Бонапарт придавал столь большое значение сближению с Россией, что, притворяясь, будто он не заметил грубости ноты 26 сентября (7 октября), и не входя в детальное обсуждение поставленных требований, он поручил Талейрану ответить на них общим согласием[647]. Расчет оказался верным. Пока Колычев педантично и явно не торопясь обсуждал с Талейраном пункт за пунктом вопросы, каждый из которых порождал множество трудноразрешимых проблем, Бонапарт, не вдаваясь в частности, достигал заметных успехов в главном. Сближение императорской России Павла I с Французской консульской республикой Бонапарта быстро подвигалось вперед: дело шло к союзу двух великих держав, в том не было больше сомнения.

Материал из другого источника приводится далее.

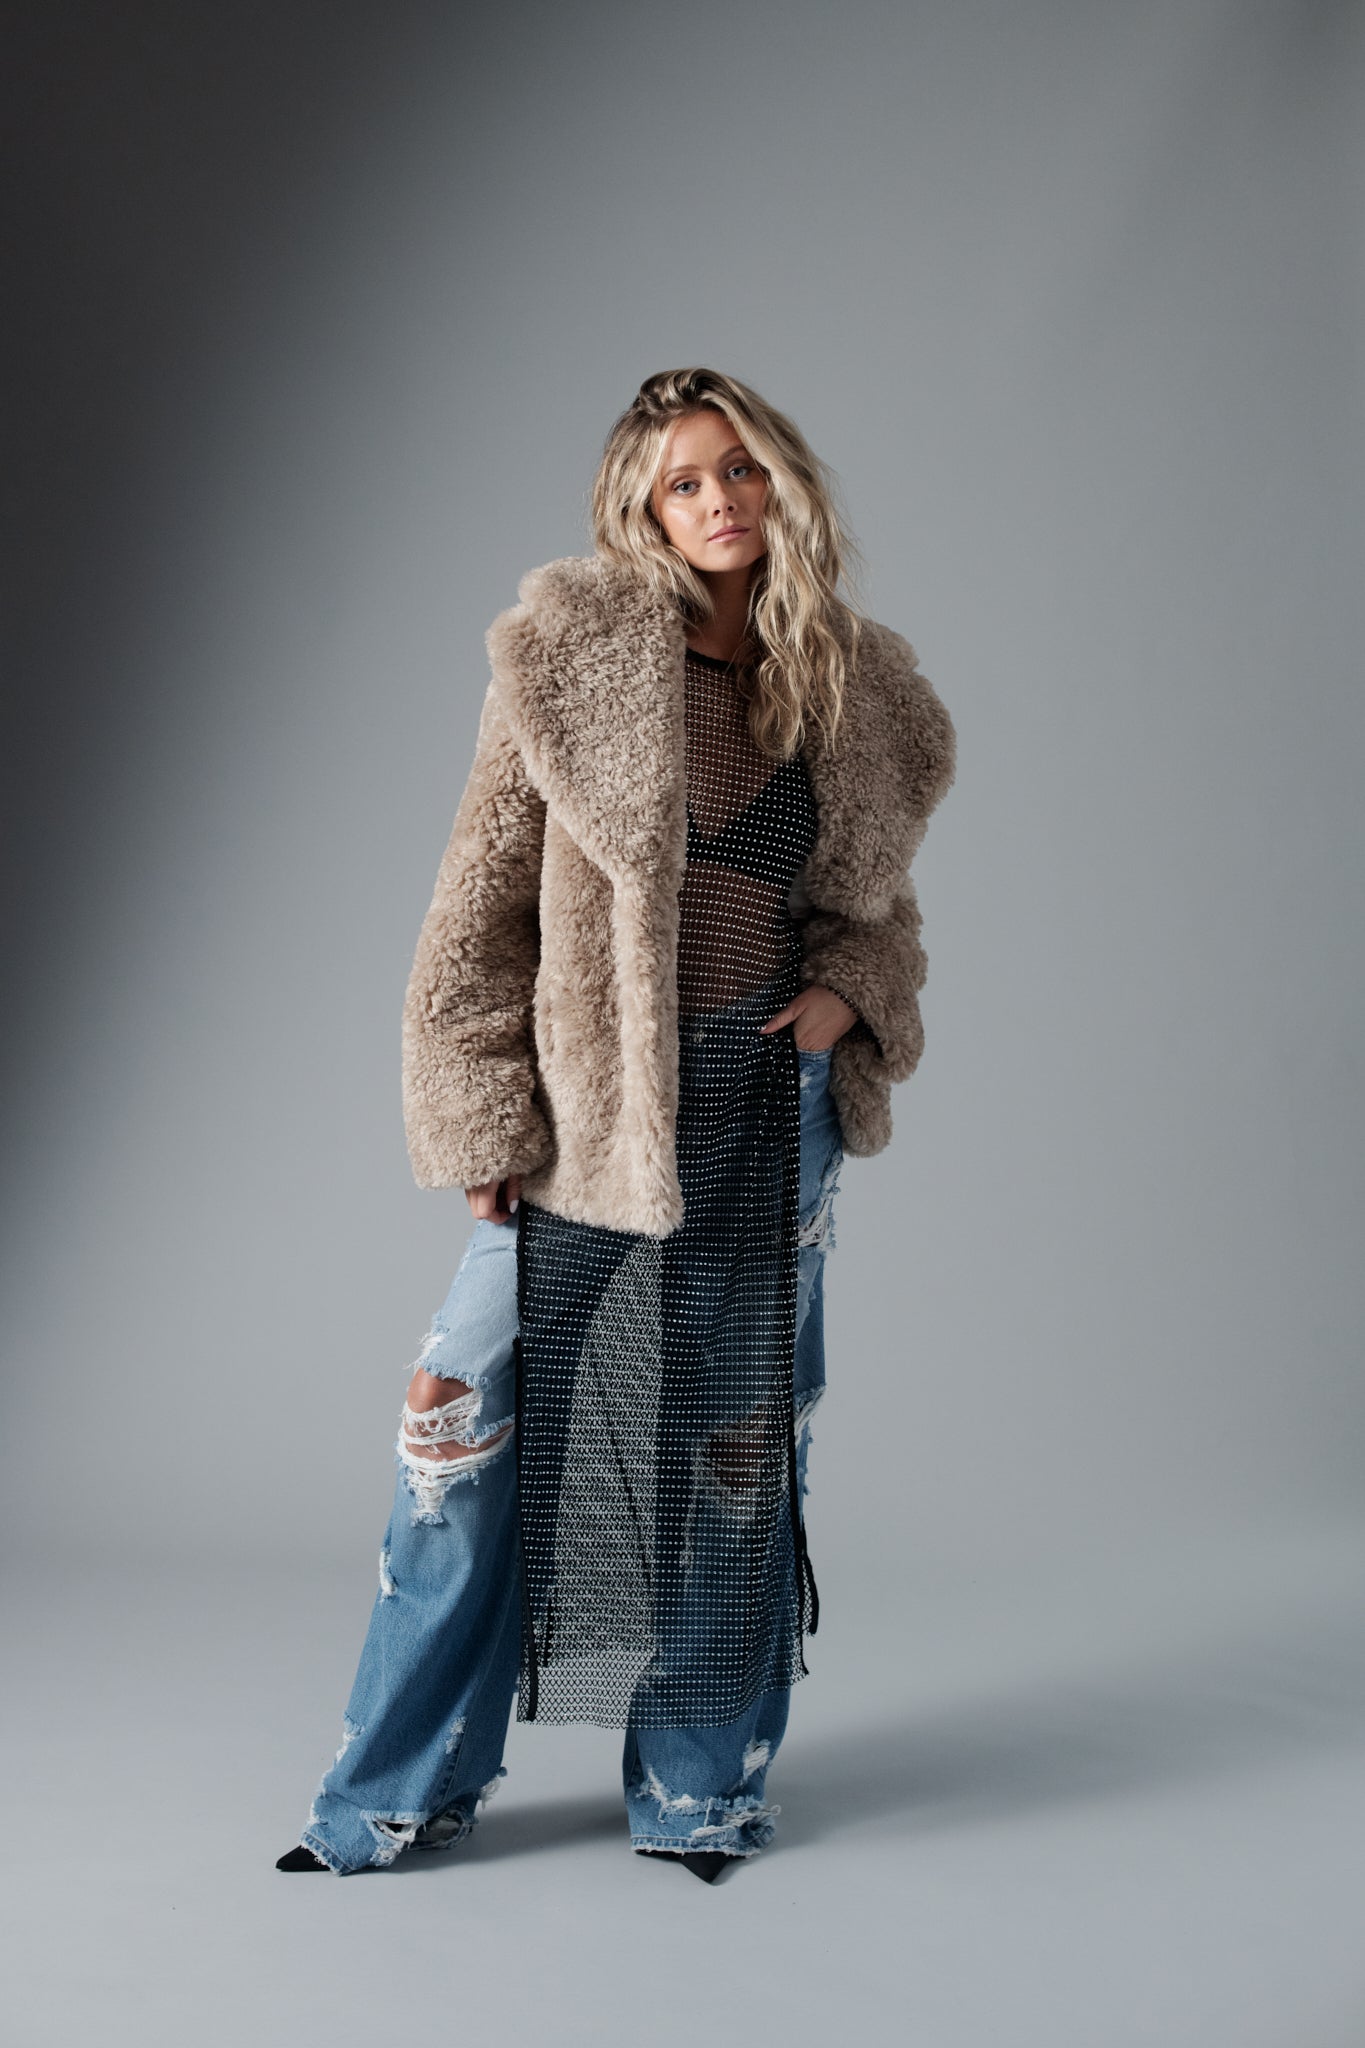 Hannah Godwin wearing beige faux fur coat, mesh see-through dress, destruction denim jeans by Avec Les Filles women's fashion clothing

При существенных различиях обоих государств их правители имели и то общее, что охотно готовы были мечтать о грандиозном будущем: было естественным поэтому, что каждое правительство, идя на взаимное сближение, исподволь подготовляло далеко идущие планы. Ростопчин в своей записке, конфирмованной царем 2 октября 1800 года и получившей полное его одобрение («Мастерски писано», — пометил на полях Павел), провозглашал главной задачей внешнеполитического курса сближение с Францией[648]. Но наряду с реальными задачами ближайшего времени записка Ростопчина в неопределенно далекой перспективе рисовала и план раздела Турции между Россией, Францией, Австрией и Пруссией. «Центр сего плана должен быть Бонапарт», — пояснял Ростопчин, оговариваясь, что эту перспективу надо держать в тайне, «не приступая вдруг к открытию настоящих видов сближения с Францией»[649]. Бонапарт в письме к Талейрану от 27 января 1801 года рисовал еще более грандиозные, совершенно фантастические планы организации экспедиций против Ирландии, Бразилии, Индии, Суринама, Тринидада и американских островов, не говоря уже о Средиземноморье[650]. В обоих случаях то были проекты, замыслы далекого будущего, лишенные реальной основы. Они были важны не по своему практическому значению — его не было, а как доказательство склонности правительств обоих государств к империалистической политике, если употреблять этот термин в том широком понимании, которое порой придавал ему В. И. Ленин.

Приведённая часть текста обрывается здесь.